What needs to be done: Starting at the line that contains "Lounge Smiley Face" and stopping after the last line, set down the listing exactly as it is. Add nothing.

Information supplied:
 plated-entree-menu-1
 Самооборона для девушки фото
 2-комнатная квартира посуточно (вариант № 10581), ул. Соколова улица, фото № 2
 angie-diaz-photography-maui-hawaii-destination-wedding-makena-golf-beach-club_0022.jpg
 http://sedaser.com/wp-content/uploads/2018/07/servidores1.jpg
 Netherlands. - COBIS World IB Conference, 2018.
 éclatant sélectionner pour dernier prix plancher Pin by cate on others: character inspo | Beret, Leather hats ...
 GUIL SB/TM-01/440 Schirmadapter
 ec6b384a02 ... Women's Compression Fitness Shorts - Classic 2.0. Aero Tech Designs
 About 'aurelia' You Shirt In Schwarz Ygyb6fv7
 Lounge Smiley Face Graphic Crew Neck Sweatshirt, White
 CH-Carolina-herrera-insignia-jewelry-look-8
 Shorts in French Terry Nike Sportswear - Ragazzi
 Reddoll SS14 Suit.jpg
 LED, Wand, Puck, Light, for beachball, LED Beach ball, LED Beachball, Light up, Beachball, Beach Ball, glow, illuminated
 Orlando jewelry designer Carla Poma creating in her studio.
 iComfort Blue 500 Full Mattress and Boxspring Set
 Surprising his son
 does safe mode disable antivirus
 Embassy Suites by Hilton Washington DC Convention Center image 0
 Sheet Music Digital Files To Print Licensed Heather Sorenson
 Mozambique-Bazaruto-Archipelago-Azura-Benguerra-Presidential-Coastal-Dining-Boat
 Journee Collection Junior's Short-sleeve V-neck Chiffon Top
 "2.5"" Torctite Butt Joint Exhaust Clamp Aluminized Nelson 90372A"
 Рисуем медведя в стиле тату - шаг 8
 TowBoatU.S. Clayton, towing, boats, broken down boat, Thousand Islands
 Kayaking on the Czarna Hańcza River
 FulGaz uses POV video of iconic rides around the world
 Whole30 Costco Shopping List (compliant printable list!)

Answer:
 Lounge Smiley Face Graphic Crew Neck Sweatshirt, White
 CH-Carolina-herrera-insignia-jewelry-look-8
 Shorts in French Terry Nike Sportswear - Ragazzi
 Reddoll SS14 Suit.jpg
 LED, Wand, Puck, Light, for beachball, LED Beach ball, LED Beachball, Light up, Beachball, Beach Ball, glow, illuminated
 Orlando jewelry designer Carla Poma creating in her studio.
 iComfort Blue 500 Full Mattress and Boxspring Set
 Surprising his son
 does safe mode disable antivirus
 Embassy Suites by Hilton Washington DC Convention Center image 0
 Sheet Music Digital Files To Print Licensed Heather Sorenson
 Mozambique-Bazaruto-Archipelago-Azura-Benguerra-Presidential-Coastal-Dining-Boat
 Journee Collection Junior's Short-sleeve V-neck Chiffon Top
 "2.5"" Torctite Butt Joint Exhaust Clamp Aluminized Nelson 90372A"
 Рисуем медведя в стиле тату - шаг 8
 TowBoatU.S. Clayton, towing, boats, broken down boat, Thousand Islands
 Kayaking on the Czarna Hańcza River
 FulGaz uses POV video of iconic rides around the world
 Whole30 Costco Shopping List (compliant printable list!)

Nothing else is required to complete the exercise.